This notebook spells out the API for all algorithms implemented in the sbi toolbox:

  • Posterior estimation (NPE)

  • Likelihood estimation (NLE)

  • Likelihood-ratio estimation (NRE)

  • Utilities

Posterior estimation (NPE)

Fast ε-free Inference of Simulation Models with Bayesian Conditional Density Estimation
by Papamakarios & Murray (NeurIPS 2016)
[PDF] [BibTeX]

# Example setup
import torch

from sbi.utils import BoxUniform

# Define the prior
num_dims = 2
num_sims = 1000
num_rounds = 2
prior = BoxUniform(low=torch.zeros(num_dims), high=torch.ones(num_dims))
simulator = lambda theta: theta + torch.randn_like(theta) * 0.1
x_o = torch.tensor([0.5, 0.5])
from sbi.inference import NPE_A

inference = NPE_A(prior)
proposal = prior
for r in range(num_rounds):
    theta = proposal.sample((num_sims,))
    x = simulator(theta)
    # NPE-A trains a Gaussian density estimator in all but the last round. In the last round,
    # it trains a mixture of Gaussians, which is why we have to pass the `final_round` flag.
    final_round = True if r == num_rounds - 1 else False
    _ = inference.append_simulations(theta, x, proposal=proposal).train(final_round=final_round)
    posterior = inference.build_posterior().set_default_x(x_o)
    proposal = posterior

Automatic posterior transformation for likelihood-free inference
by Greenberg, Nonnenmacher & Macke (ICML 2019)
[PDF]

from sbi.inference import NPE

inference = NPE(prior)
proposal = prior
for _ in range(num_rounds):
    theta = proposal.sample((num_sims,))
    x = simulator(theta)
    _ = inference.append_simulations(theta, x, proposal=proposal).train()
    posterior = inference.build_posterior().set_default_x(x_o)
    proposal = posterior

BayesFlow: Learning complex stochastic models with invertible neural networks
by Radev, S. T., Mertens, U. K., Voss, A., Ardizzone, L., & Köthe, U. (2020) (IEEE transactions on neural networks and learning systems 2020)
Paper

The density estimation part of BayesFlow is equivalent to single-round NPE. The additional contribution of the paper are several embedding networks for high-dimensional data including permutation invariant embeddings. Similar embeddings networks are implemented in sbi as well, under sbi.neural_nets.embedding_nets.

# Posterior estimation with BayesFlow is equivalent to single-round NPE.
from sbi.inference import NPE

inference = NPE(prior)
theta = prior.sample((num_sims,))
x = simulator(theta)
inference.append_simulations(theta, x).train()
posterior = inference.build_posterior()
samples = posterior.sample((1000,), x=x_o)
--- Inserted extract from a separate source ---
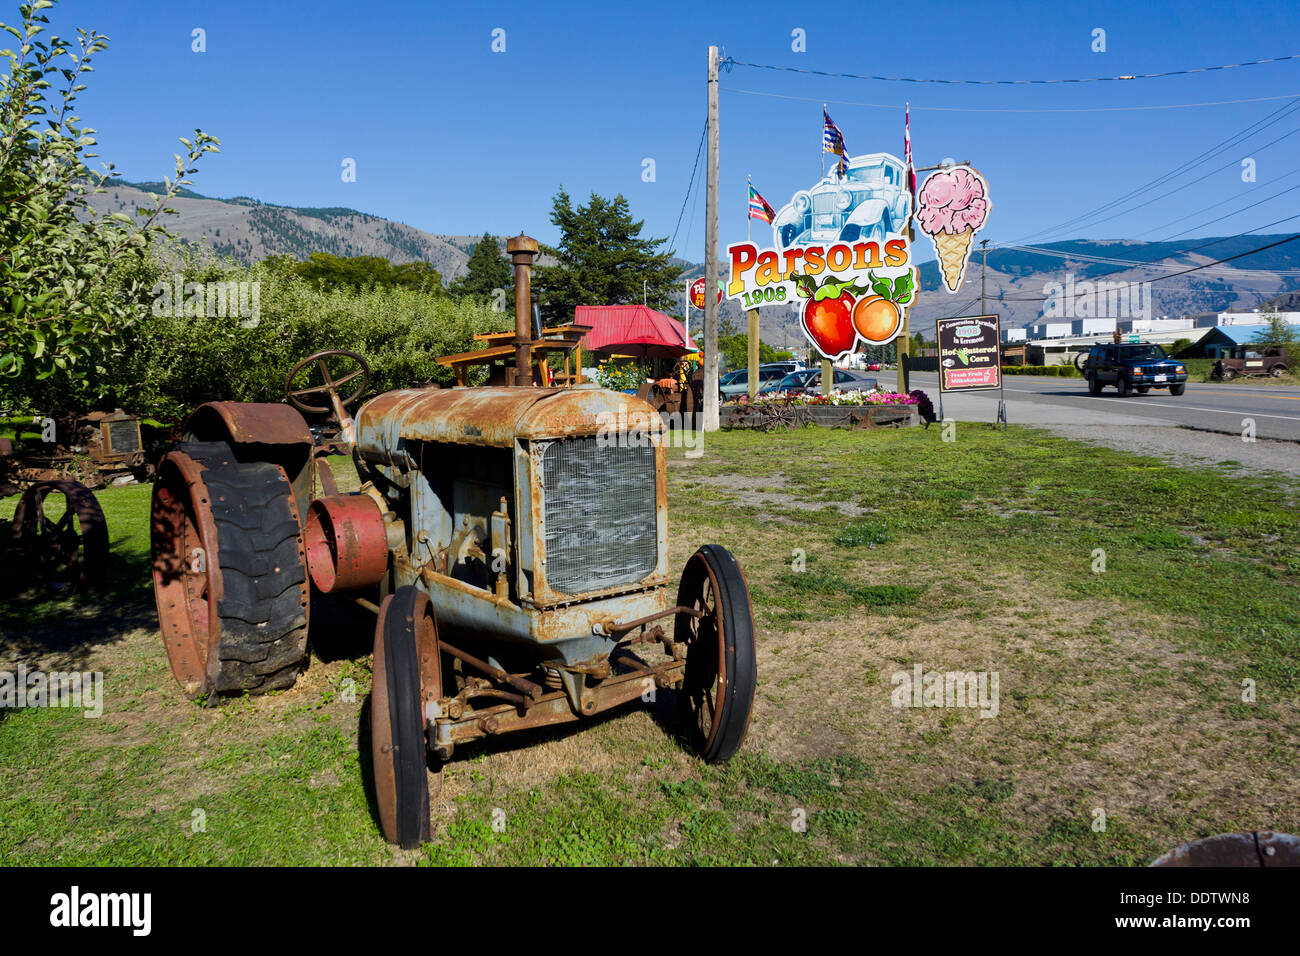 Classic McCormick-Deering trattore agricolo Parsons frutta stand. Keremeos, regione Okanagan-Similkameen, British Columbia, Canada. Foto Stock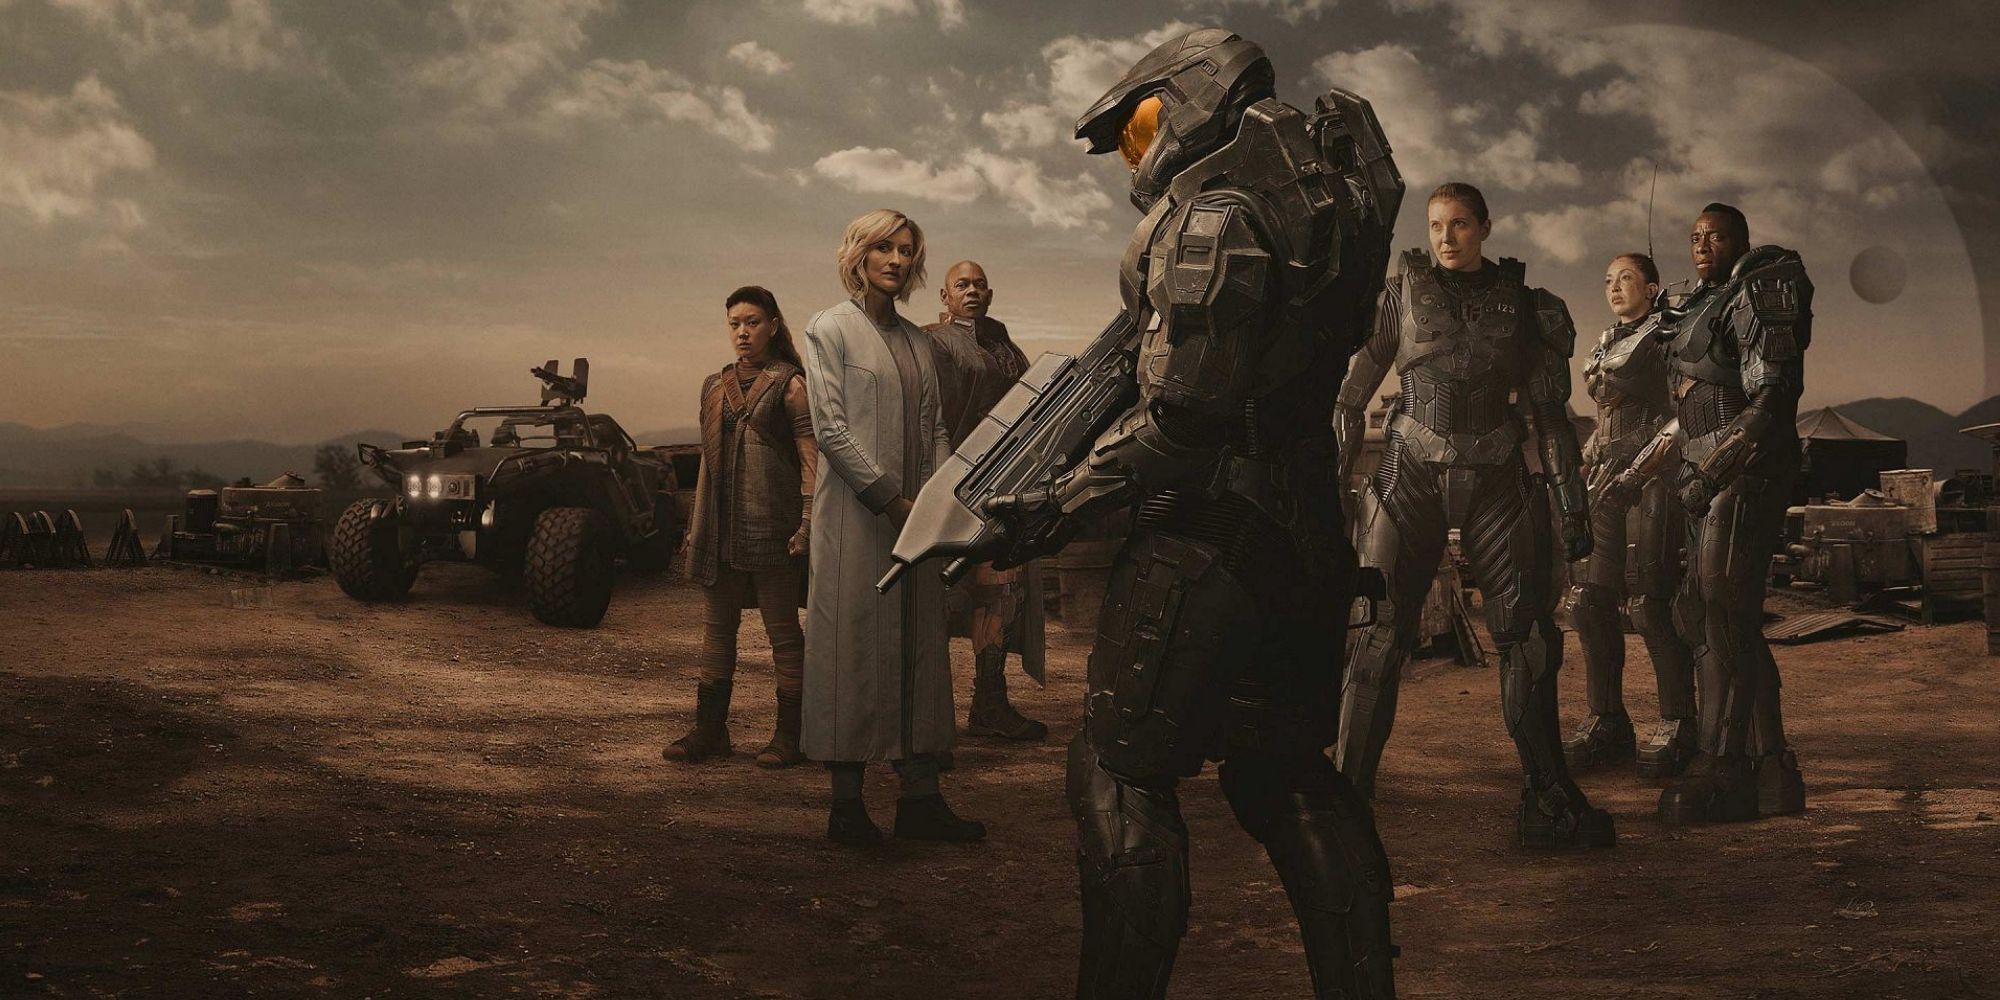 Papel de parede promocional do elenco de 'Halo'

Truncated proposals for scalable and hassle-free simulation-based inference
by Deistler, Goncalves & Macke (NeurIPS 2022)
[Paper]

from sbi.inference import NPE
from sbi.utils import RestrictedPrior, get_density_thresholder

inference = NPE(prior)
proposal = prior
for _ in range(num_rounds):
    theta = proposal.sample((num_sims,))
    x = simulator(theta)
    _ = inference.append_simulations(theta, x).train(force_first_round_loss=True)
    posterior = inference.build_posterior().set_default_x(x_o)

    accept_reject_fn = get_density_thresholder(posterior, quantile=1e-4)
    proposal = RestrictedPrior(prior, accept_reject_fn, sample_with="rejection")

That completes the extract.